● **Record set**:
● ● ● ●

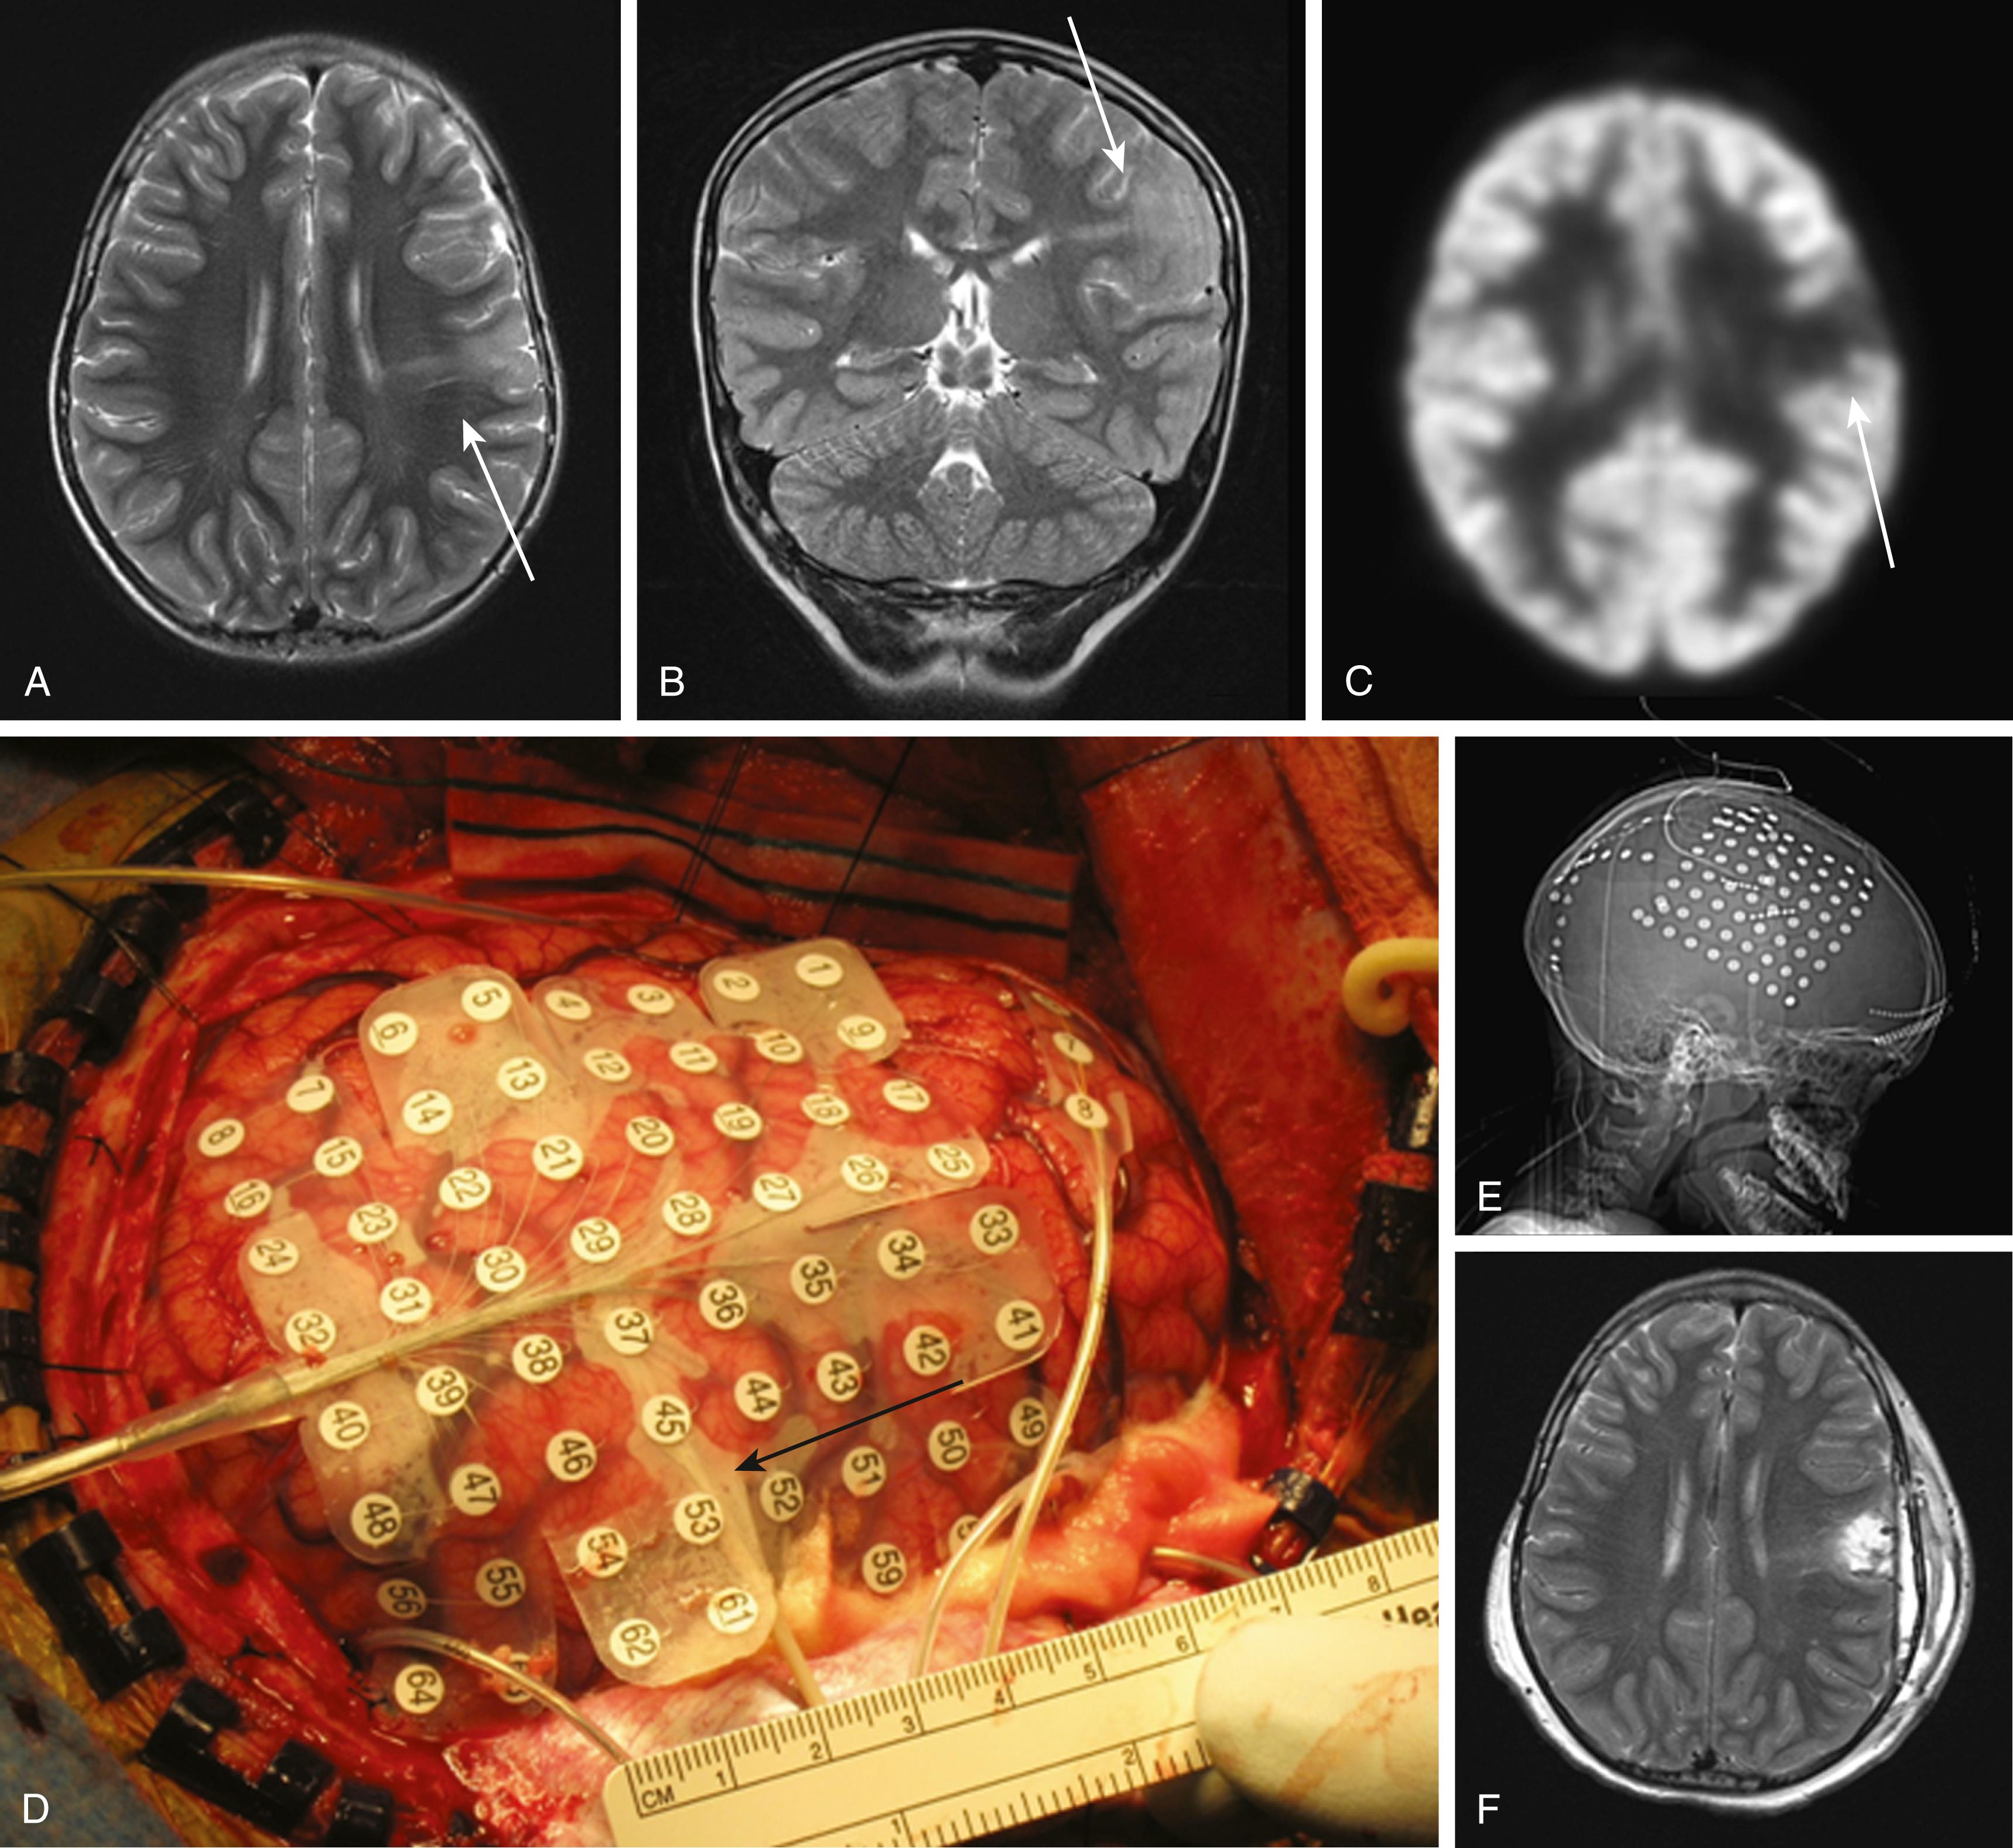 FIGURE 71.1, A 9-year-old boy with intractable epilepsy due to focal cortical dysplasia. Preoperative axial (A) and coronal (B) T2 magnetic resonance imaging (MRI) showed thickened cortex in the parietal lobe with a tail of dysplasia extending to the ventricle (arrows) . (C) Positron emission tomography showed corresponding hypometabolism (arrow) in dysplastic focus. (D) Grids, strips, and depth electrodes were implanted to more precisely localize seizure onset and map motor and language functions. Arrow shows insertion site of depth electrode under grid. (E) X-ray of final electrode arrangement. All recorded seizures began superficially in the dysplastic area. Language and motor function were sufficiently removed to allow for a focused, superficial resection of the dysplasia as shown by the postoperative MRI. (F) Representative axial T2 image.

● ● ● ●

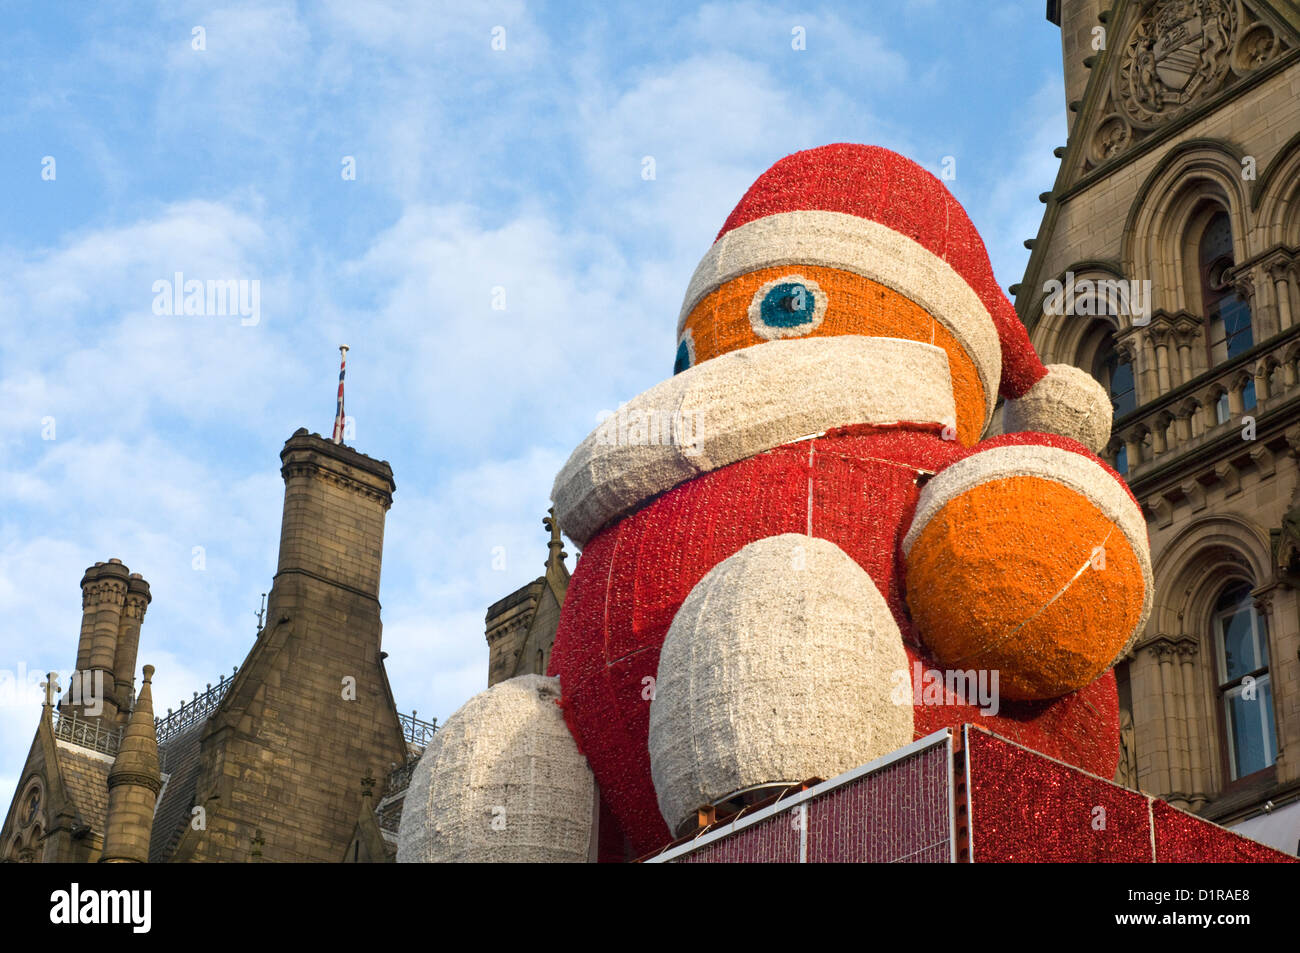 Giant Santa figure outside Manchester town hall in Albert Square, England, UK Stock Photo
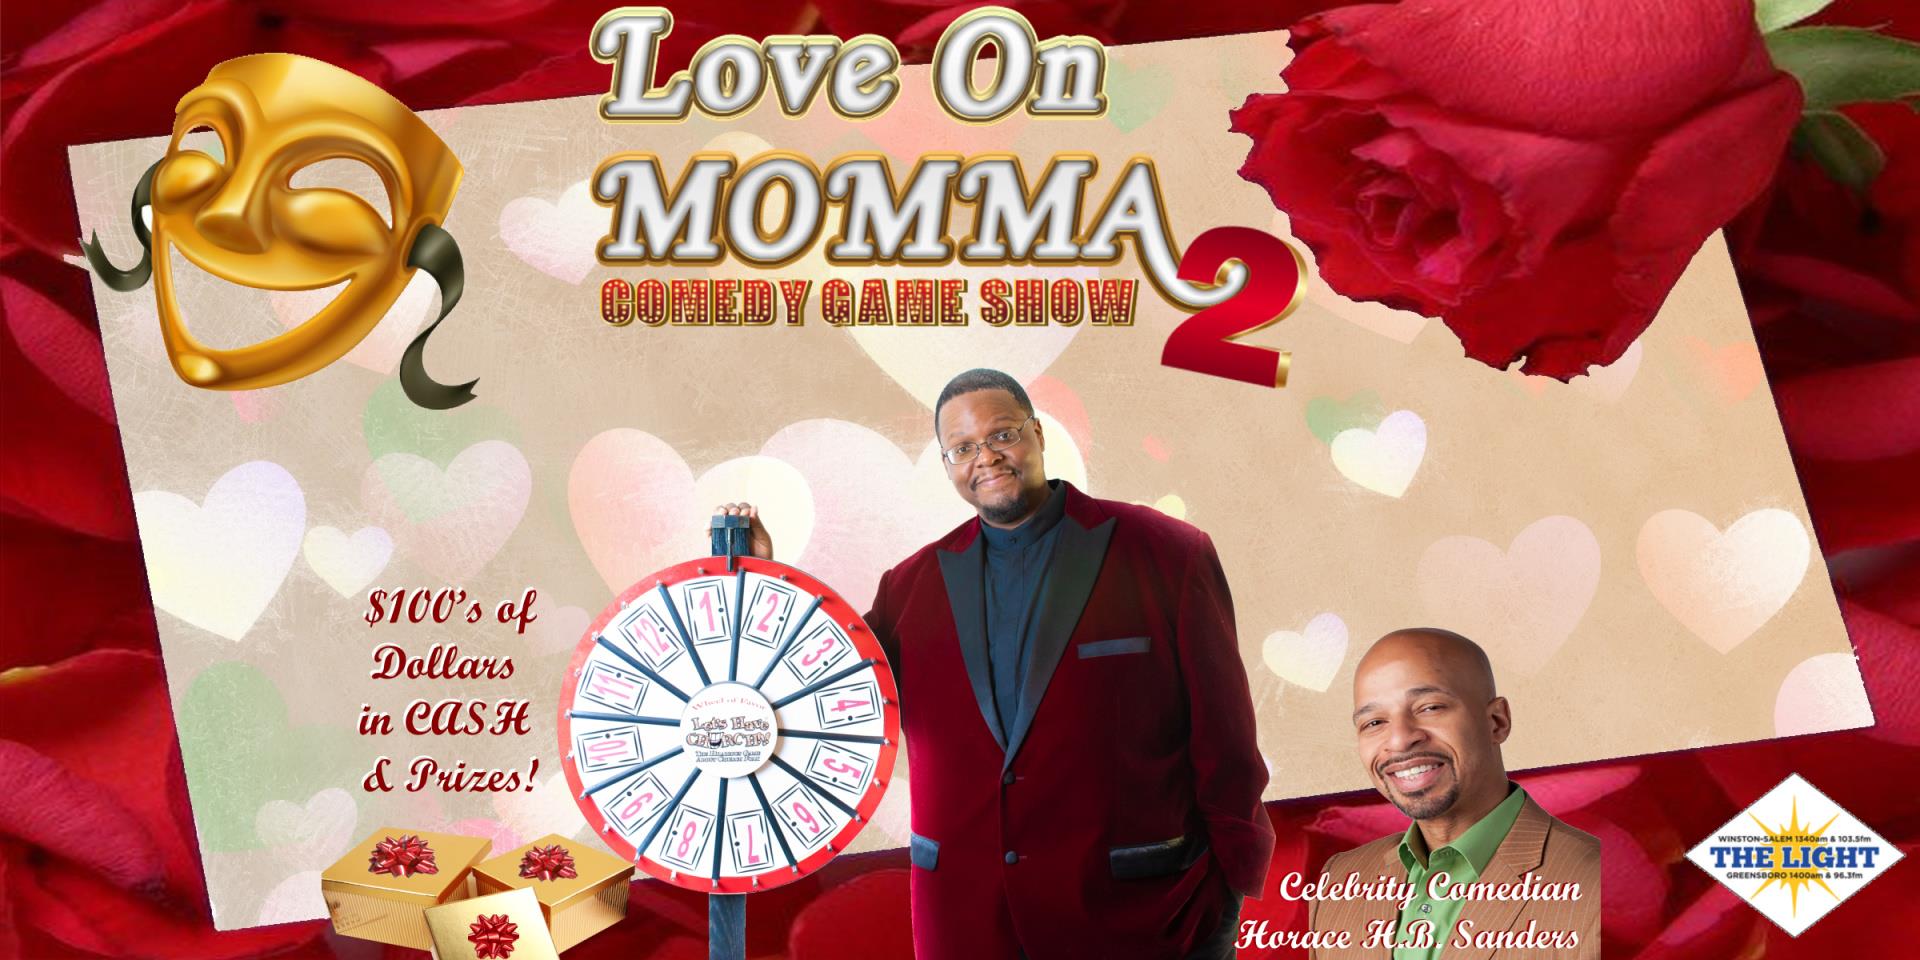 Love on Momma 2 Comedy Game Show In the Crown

● ● ● ●

● **Work required**:
With the pictures removed, print only the lines starting at the line that has "Giant Santa figure" and ending at the line that has "Love on Momma", both ends included, exactly as they stand above.

● **Expected answer**:
 Giant Santa figure outside Manchester town hall in Albert Square, England, UK Stock Photo
 Love on Momma 2 Comedy Game Show In the Crown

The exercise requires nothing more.